Last Sunday evening Father Satish Joseph, the pony-tailed pastor of Immaculate Conception Church on Smithville Road, spoke to his congregation about Saturday’s much-debated Ku Klux Klan rally on Courthouse Square and how people could respond.
He said “nothing works better against hate than love. Love like Jesus loved.”
He gave three examples, one of which was “love somebody of another religion, another culture, another race, another ethnicity or sexual orientation in a way you have not done before. Get to know more about them.”
And, at first glance, Jane and Bruce couldn’t seem to be more different.
She is an 87-year-old former Oakwood High School English teacher, a mother of two, grandmother of four and now a great grandmother, as well.
She lives in Centerville, but was born and raised in LaFollette, Tennessee and still has the honey-dipped accent and Southern charm that comes with it, right down to offering me a pimento cheese sandwich – the pate of the South, some say – when we finished talking at her home.

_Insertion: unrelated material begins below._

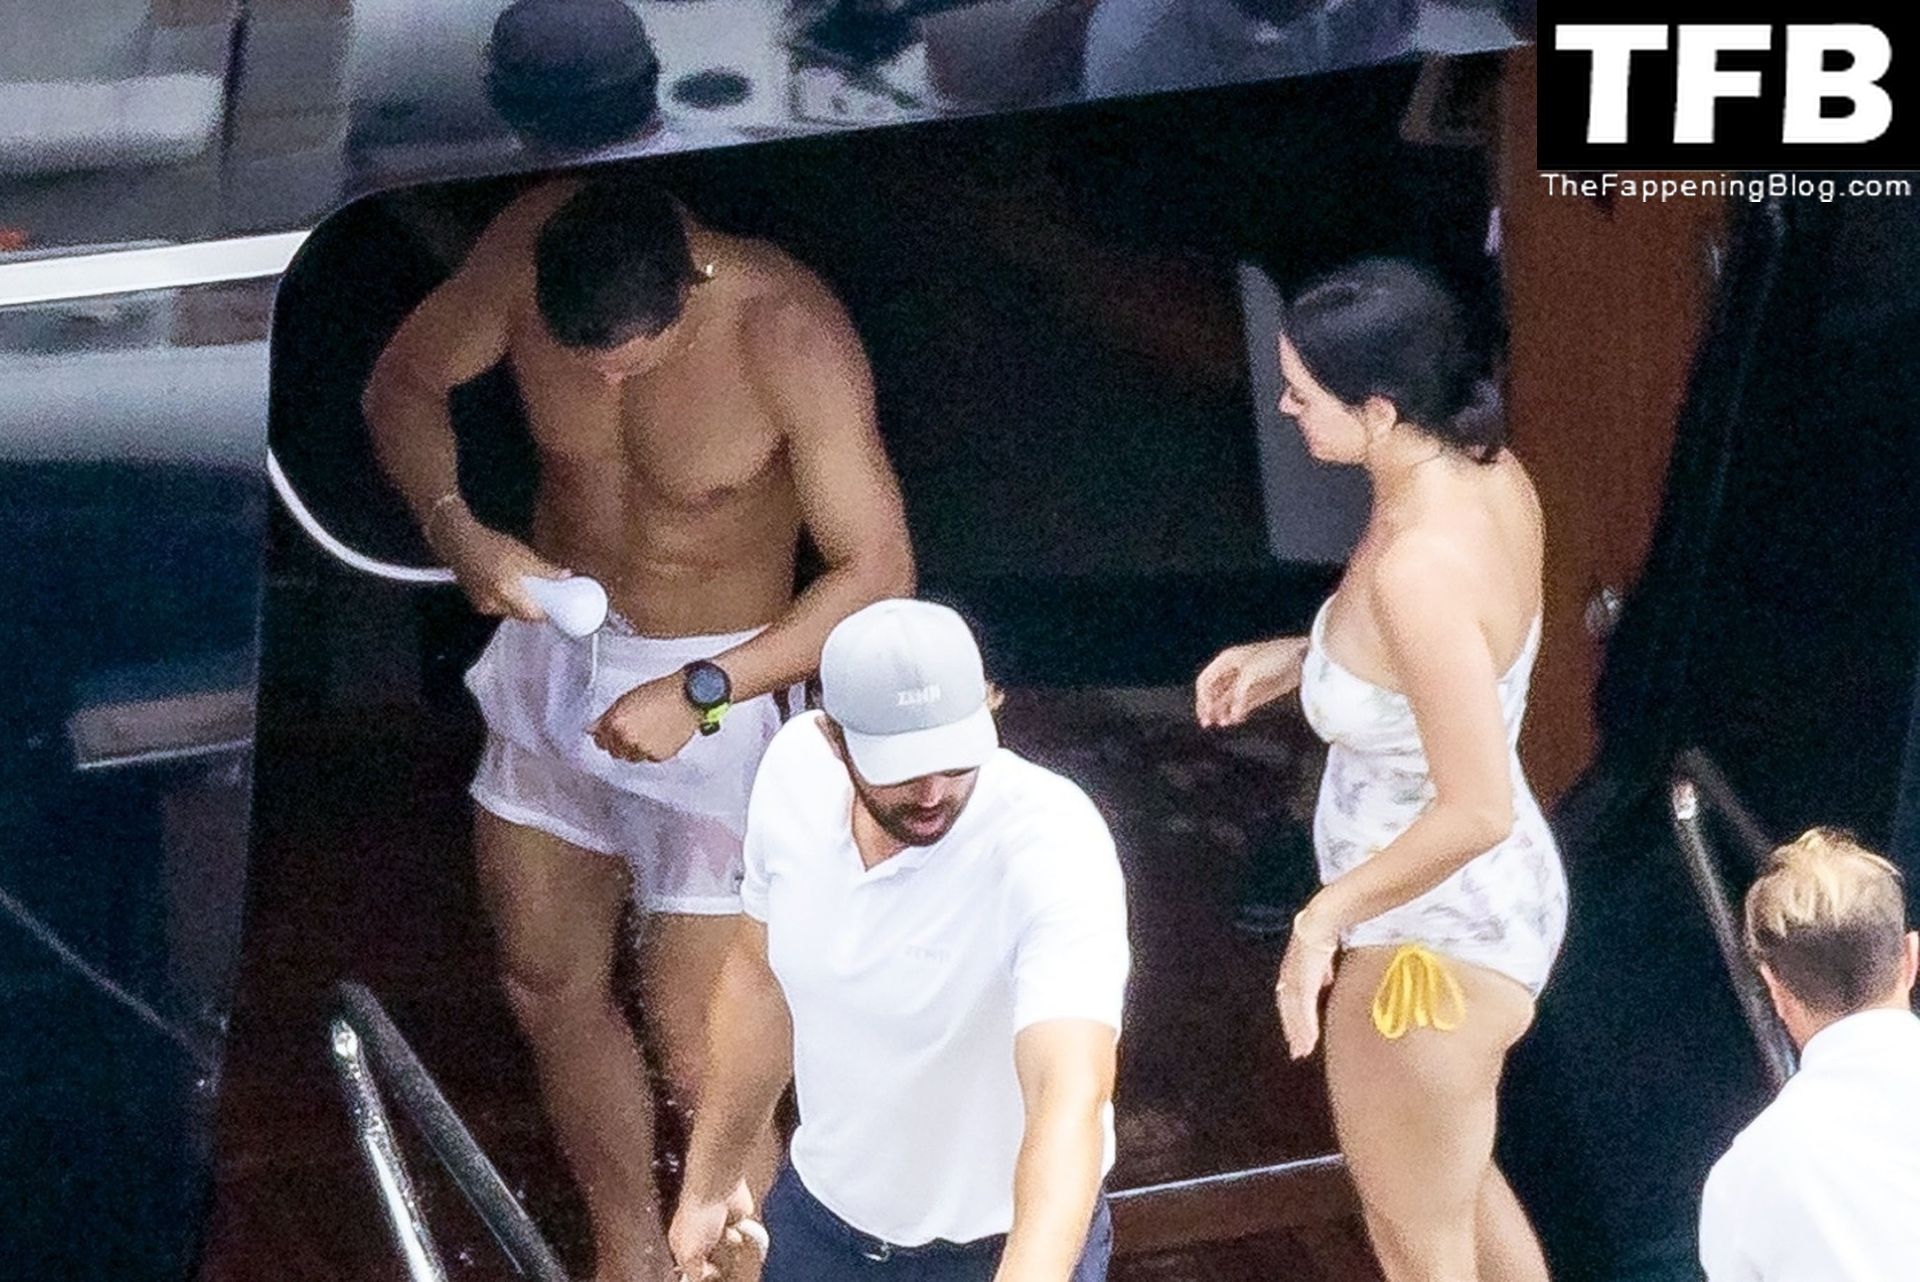 Katy Perry Sexy The Fappening Blog 91 - Katy Perry Rocks a Strapless Swimsuit While Enjoying a Beach Day with Orlando Bloom in Positano (105 Photos)

Bruce, who just turned 20, recently finished a roller-coaster freshman year as a soccer player and student at Wilmington College.
He, too, has a faint accent though its roots are more far flung. His family fled the civil war in South Sudan that caused some 2.5 million to die from war, famine and disease and displaced another four million people.
After fleeing by foot, boat and plane though three countries, his family ended up in Ghana where he was born and then lived 11 years in sparse conditions at the remote Krisan Refugee Camp. The family finally was brought to Dayton through the Catholic Social Services Resettlement Program. Three years after they got here, their home burned on North Main Street.
Bruce ended up at Belmont High School, which has an extensive English as a Second Language (ESL) program. Then through the efforts of the people who believed in him the most – from his former Belmont soccer coach and continuing champion and benefactor Julie Raiff to Wilmington coach Alex Van der Sluijs, who previously coached at Chaminade Julienne – he ended up at Wilmington.
Both he and Jane have known some hardships in their lives.
She said she grew up in a family that “didn’t have much money” and later her backbone certainly was tested when her husband left her with two young children to raise on her own.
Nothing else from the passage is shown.